As for the complaint itself, it blames defendants and their products for causing global warming, which leads to “rising temperatures and intense heat waves, extreme weather events, related disruptions to health and emergency services, and increased proliferation of vector-borne disease and pathogens.” It fails to explain how the oil industry defendants selected are more to blame than Par.
Overall, of the $45,100 Par and its executives gave to Hawaii Democrats since 2018, more than half came from the company’s political action committee. The only contributors to the company’s PAC are its board members and executives, and it regularly funnels money to its Hawaii operation, according to federal records.
Current Par Pacific president and CEO William Monteleone, former Par Pacific CEO and current board member William Pate, Par Hawaii president Eric Wright, and Par Hawaii director of government affairs Marc Inouye gave about $21,000 more directly to Hawaii Democrats.
And the donations largely flowed to Green who received $16,500, or more than a third of the donations—Monteleone, Pate, and Wright each wrote check worth thousands of dollars to Green’s campaign. Green’s top deputy, Lieutenant Gov. Sylvia Luke (D.), received $5,000, the second-largest sum of donations the company and its executives gave to a Hawaii politician since 2018.
Honolulu mayor Rick Blangiardi (D.), former Rep. Colleen Hanabusa (D.), former Honolulu City Council chairman Ikaika Anderson (D.), former Honolulu City Council member Donovan Dela Cruz (D.), and former Hawaii state House speaker Scott Saiki (D.) are among the several other politicians to receive significant donations from Par.
“Hawaiian climate hypocrisy is on full display,” Jason Isaac, the CEO of the American Energy Institute, told the Free Beacon. “While Democrats posture about taking on ‘Big Oil,’ they’re shielding Par Hawaii—a top fossil fuel donor to their own party—from climate lawsuits.”
Isaac noted also that the state’s chief justice, who may adjudicate the case in the future, has ties to a left-wing group that trains judges on how to rule on climate litigation. “The conflict of interest is glaring, and it exposes just how politically rigged this climate crusade has become,” he added.
“Make no mistake, these public nuisance lawsuits are the left’s current best plan for how they can reshape American society despite having no levers of power in Washington,” O.H. Skinner, the executive director of Alliance for Consumers and former Arizona solicitor general, told the Free Beacon. “States like Hawaii intend to use these lawsuits, and others like them, to bypass the halls of Congress and impose a version of the Green New Deal through the courtroom, punishing disfavored industries and diverting money to left-wing priorities.”
“This is horrible for hard working Americans who just want to make their own choices about what products to purchase and have cheap, reliable energy to power their way of life and support their family,” he continued.
Green’s administration hired California-based Sher Edling to spearhead the state’s litigation against the oil industry.
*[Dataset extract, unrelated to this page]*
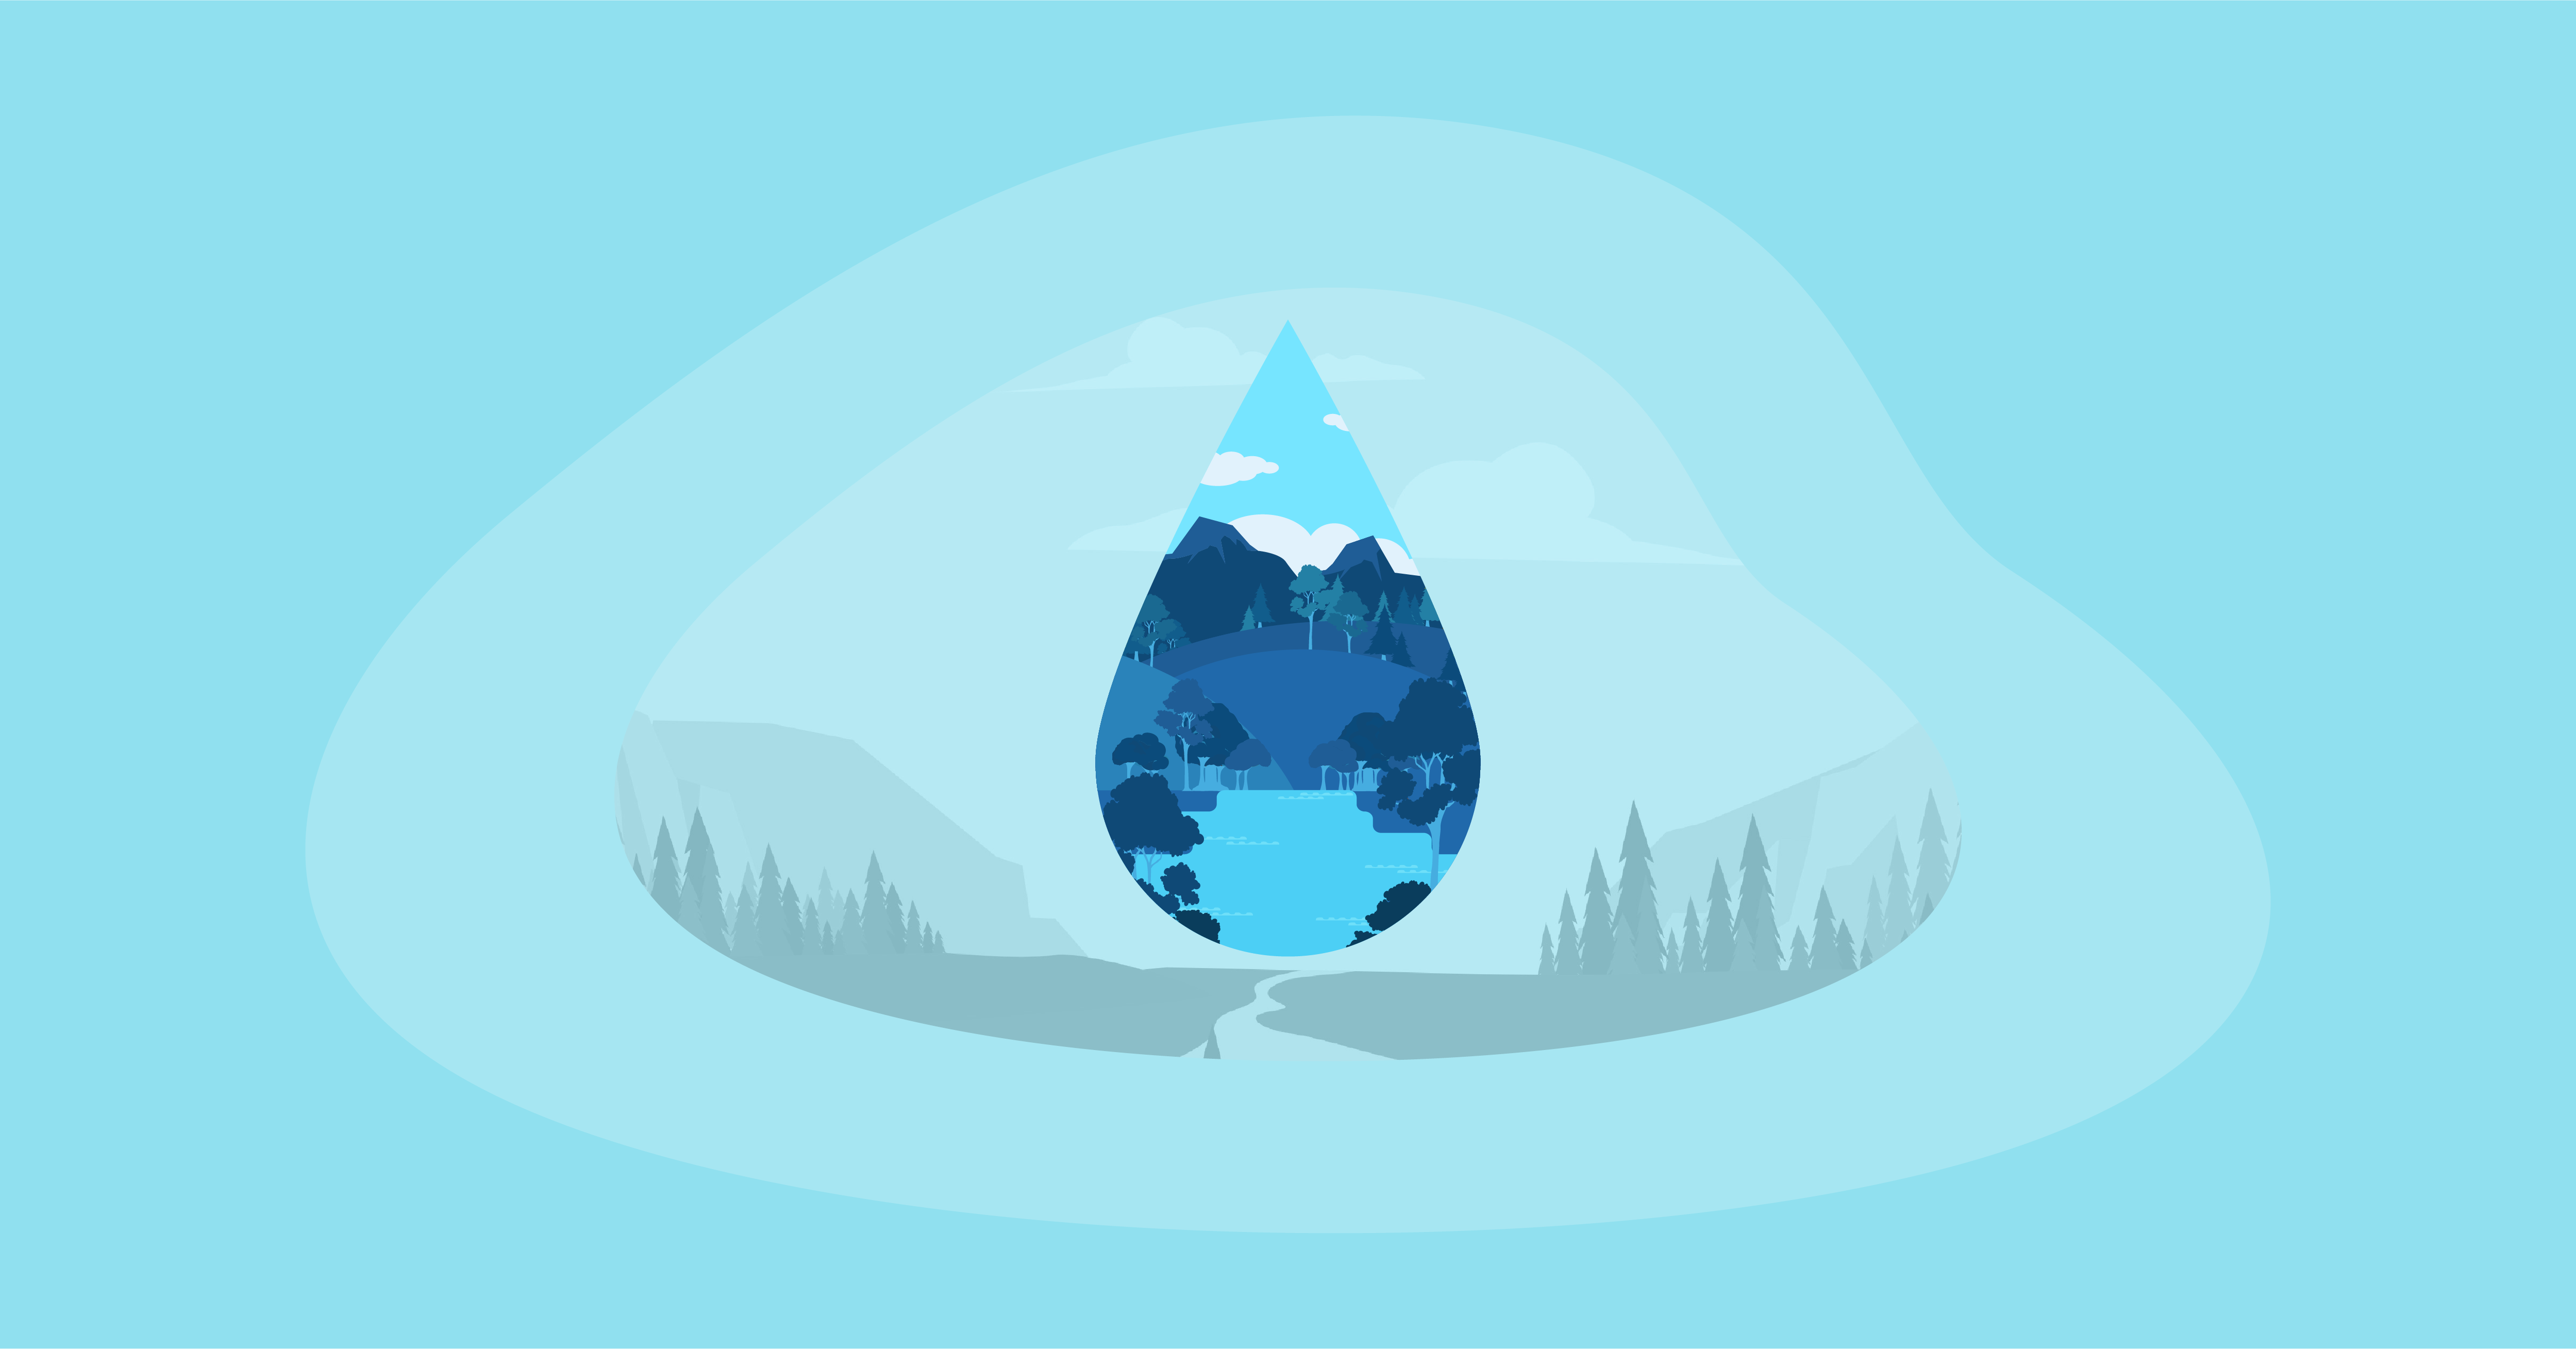 Illustration of a big water drop containing another illustration of nature

Sher Edling’s involvement is notable because it is already involved in similar climate litigation filed by several other Democratic-led states like California, Minnesota, and Rhode Island as well as more than a dozen cities and counties, Washington, D.C., and Puerto Rico, which altogether are home to more than 25 percent of Americans.
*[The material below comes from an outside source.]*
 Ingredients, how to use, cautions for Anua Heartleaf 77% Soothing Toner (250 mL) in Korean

Sher Edling notably represents Honololu and the County of Maui, Hawaii, in their respective climate lawsuits. Those lawsuits also fail to name Par a defendant, the Free Beacon previously reported.
Sher Edling—which left-wing dark money groups have given millions of dollars—was founded in 2016 for the sole purpose of taking up such cases. It began filing the lawsuits shortly thereafter and around the time Par began ramping up its donations to Hawaii Democrats.
Green, Par Pacific, and Sher Edling did not respond to requests for comment.